A entidade abriu mais um lote de ingressos na manhã desta quarta-feira, 30. Desta vez, 25.000 sócios de Flamengo e River Plate poderiam garantir suas entradas para assistir ao jogo. Em Santiago. Mudar a cidade-sede significa perder dinheiro, ter que ressarcir aqueles que já pagaram por ingressos, passagens e hospedagem na capital chilena. Além de correr o risco de uma final esvaziada pelo pouco tempo que resta até a partida, marcada para o próximo dia 23 – esta uma preocupação menor, é claro.
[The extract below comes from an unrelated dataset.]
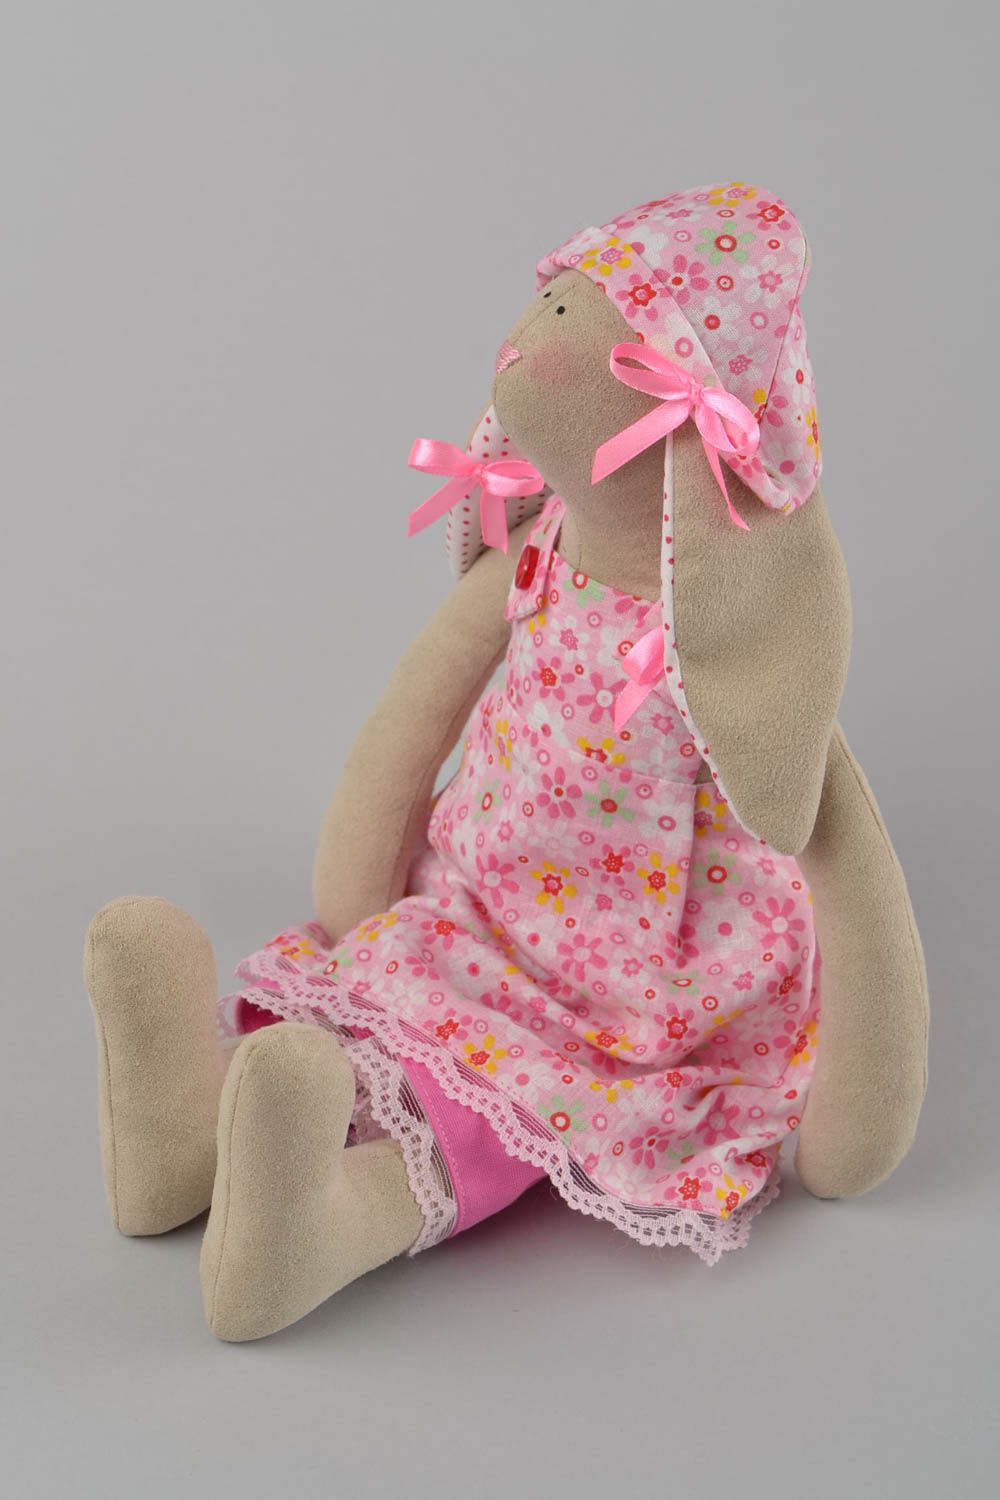 Мягкая игрушка зайчиха из ткани ручной работы в розовом наряде красивая для дома фото 1

Perder a tradição ao mandar uma partida da grandeza de Boca e River para a Espanha, tudo bem. Perder dinheiro, jamais. Depois do horror visto no entorno do estádio Monumental de Nuñez em 2018, a entidade aproveitou para faturar com a tragédia. A cidade de Medellín, na Colômbia, quis sediar o jogo. No pior das hipóteses, a decisão teria sido disputada no continente. O dinheiro de um dos patrocinadores da Conmebol, uma companhia aérea do Catar, falou mais alto e levou a final para a Europa.

Em abril deste ano, o presidente da Conmebol fez um discurso ufanista sobre a sua administração ser a “rainha da transparência”. Ele disse que estava começando a “Conmebol dos recordes”. E estava certo. A cada ano a entidade consegue passar mais vergonha mundialmente. O pior de tudo: dar de ombros para os problemas e continuar afirmando que “no momento, o único plano é fazer o jogo em Santiago”, como disse a VEJA o diretor de competições de clubes Frederico Nantes nesta quarta-feira, surpreendendo um total de zero pessoas.

Depois não adianta reclamar que a gerações mais jovens preferem torcer para o Chelsea ou para o Barcelona. Em uma sociedade cada vez mais conectada, já não basta o fato de haver um time na cidade para garantir que sua comunidade apoie o clube local. Uma pesquisa do Ibope/Repucom de 2016 mostrou que 72% dos jovens que utilizam a internet torcem por um time europeu. A falta de cuidado da Conmebol com sua principal fonte de renda certamente não ajuda a formar mais torcedores do Flamengo, do River Plate, ou de qualquer outro time sul-americano. Quando será que vão realmente ajudar a fomentar o futebol sul-americano?